Mille lanternes lâchées dans le ciel, en bord de mer, sur les côtes du Nord-Est, là où, six mois auparavant, un tsunami géant éteignait des milliers de vies. Samedi, les Japonais de Soma ont rendu hommage aux disparus et sinistrés du 11 mars.

Au cours de cet événement commémoratif, orchestré par l'artiste japonais Kansai Yamamoto, les participants étaient invités, au crépuscule, à lancer haut dans le ciel un millier de lanternes en papier, lumières symbolisant les âmes des victimes de la catastrophe.

En présence de centaines de participants bravant la pluie, les ballons lumineux, d'environ 70 cm de haut, ont décollé des bords de l'océan Pacifique, dont les vagues immenses avaient déferlé six mois plus tôt sur les terres, emportant tout sur leur passage.
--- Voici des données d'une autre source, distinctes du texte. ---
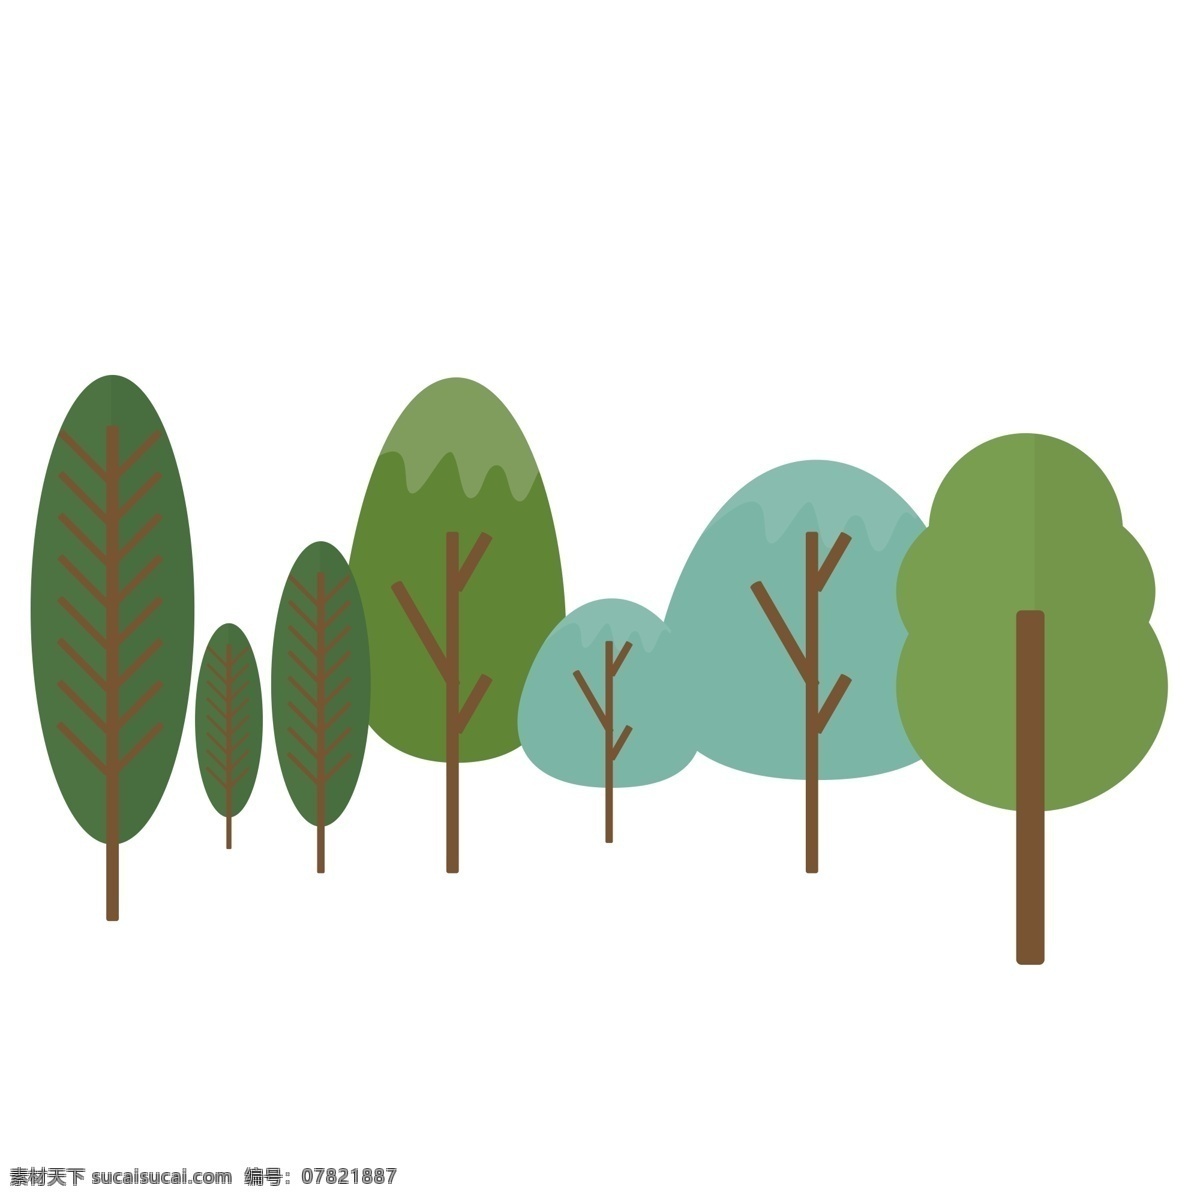 自然 生长 树木 装饰 元素 装饰元素 大树 植物 森林 简约 树叶

S'élevant vers les falaises, ces petites montgolfières étaient dédiées «aux proches et amis décédés, comme à ceux qui vivent chaque jour encore avec la hantise des flots, entre les répliques sismiques qui s'enchaînent et les radiations qui subsistent».

Yeux levés vers le ciel ruisselant, «c'est extraordinaire, très beau», s'exclame le jeune Yamato Funayama, 9 ans.
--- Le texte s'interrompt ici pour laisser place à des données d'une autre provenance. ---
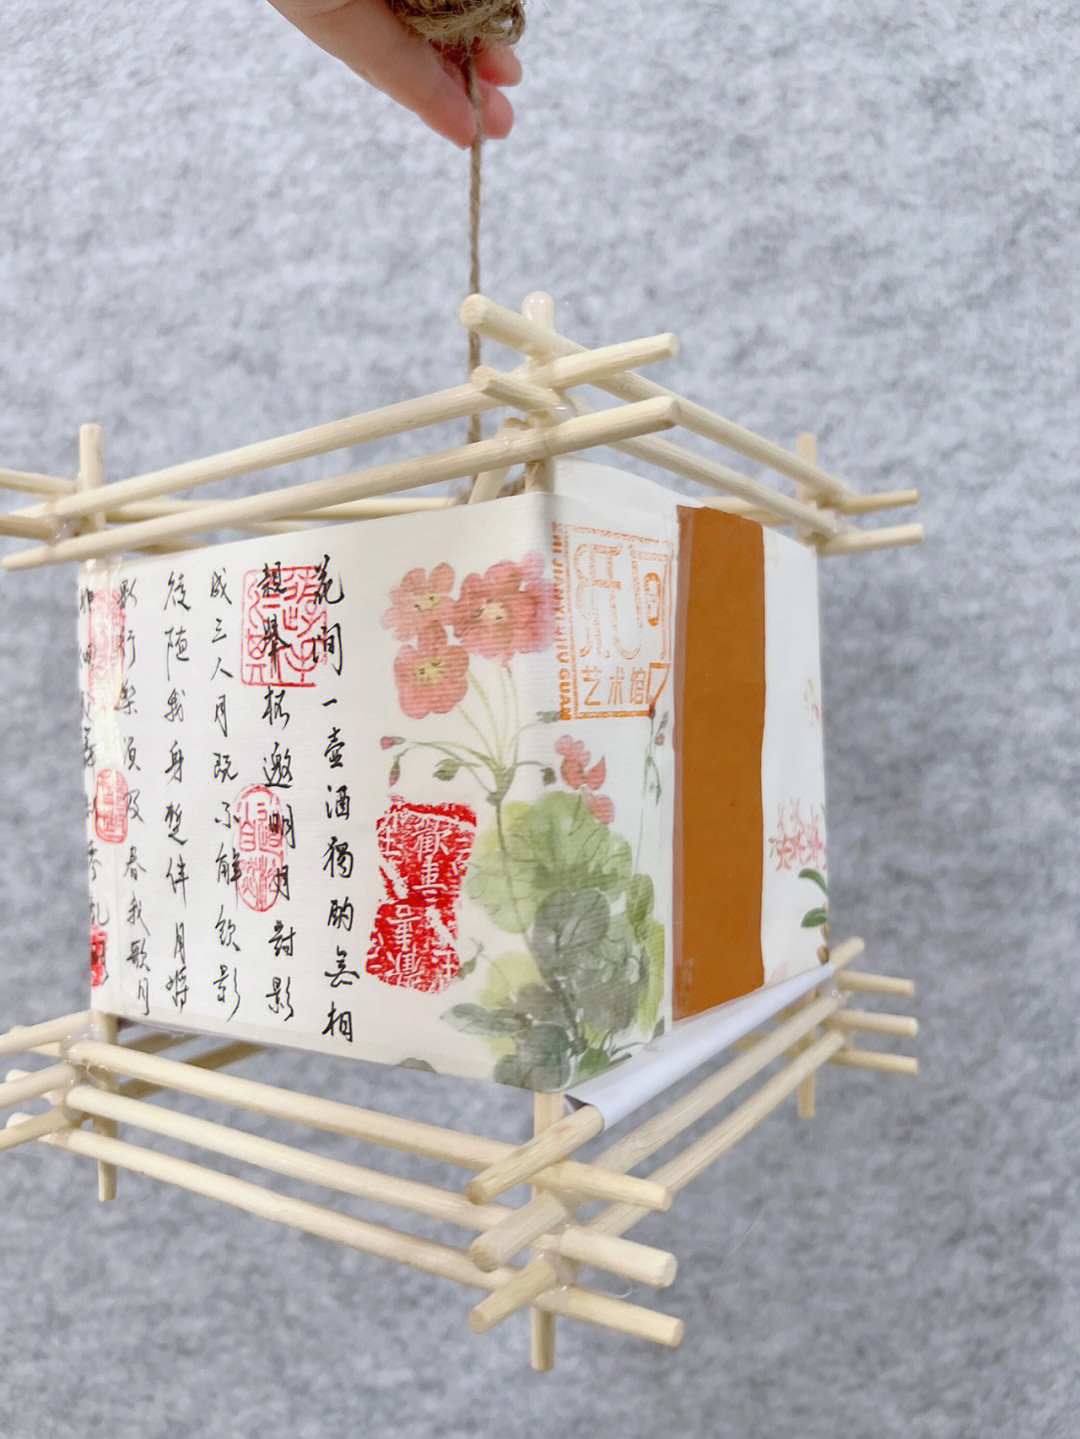 灯笼用一次性筷子和宣纸制作,详情见首页

«Ce type d'événement est important, car le temps passe très vite et si on ne commémore pas, on finit par oublier au fur et à mesure que la vie redevient normale», poursuit son père.

«Ces lanternes, ce sont à la fois les âmes des victimes et un signal d'appel à un monde calme et paisible», souligne le concepteur de cette cérémonie, lequel a déjà organisé des manifestations similaires en Indonésie et en Ukraine.

«Après le séisme du 11 mars, le premier endroit où je suis allé est Tchernobyl», explique à l'AFP Kansai Yamamoto.

«Je n'avais pas du tout l'expérience des radiations, c'est pour cela que je me suis rendu là-bas».

Plus que tout autre, ceux qui ont vécu le raz de marée de Sumatra fin 2004 ou l'accident à la centrale ukrainienne de Tchernobyl en 1986 peuvent éprouver de la compassion pour les sinistrés du Tohoku (nord-est de l'archipel), justifie M. Yamamoto.

Le 11 mars, cette vaste région du Japon fut violemment secouée par un tremblement de terre de magnitude 9 survenu au fond de l'Océan Pacifique, séisme qui déclencha un gigantesque raz de marée, des vagues de plus de 15 mètres de haut s'abattant sur des villes et villages côtiers totalement pris au dépourvu.

«Le pire n'est pas ici, Minami Soma, plus au sud, a davantage souffert»,  fait remarquer cependant une habitante de Soma.

Cette catastrophe, la plus terrible au Japon depuis la fin de la Deuxième Guerre mondiale, fit environ 20 000 morts et disparus, principalement dans les préfectures de Miyagi (plus de 11 600), d'Iwate (6350) et de Fukushima (1850).

Soma, située à une quarantaine de kilomètres de la centrale Fukushima Daiichi (noyée par le tsunami et en proie à une crise nucléaire sans précédent), est une cité meurtrie par le drame et vivant dans l'angoisse des retombées radioactives, mais qui lutte pour se rétablir.

«Ce sont des bénévoles qui ont tout préparé pour cette commémoration, c'est une façon de prouver que lorsque tout le monde s'y met, tout est possible», souligne celui que l'on appelle Kansai-san.

«Construisons l'avenir: Soma», «Ne nous laissons pas abattre: Soma», hurlèrent les habitants, lorsque les lanternes achevèrent d'illuminer le ciel, sous des «arigato» (merci) incessants.

Non loin de là, sur le rivage, des maisons éventrées par le tsunami laissent encore, six mois plus tard, voir leurs entrailles. Un autobus a toujours le nez enfoncé dans la mer.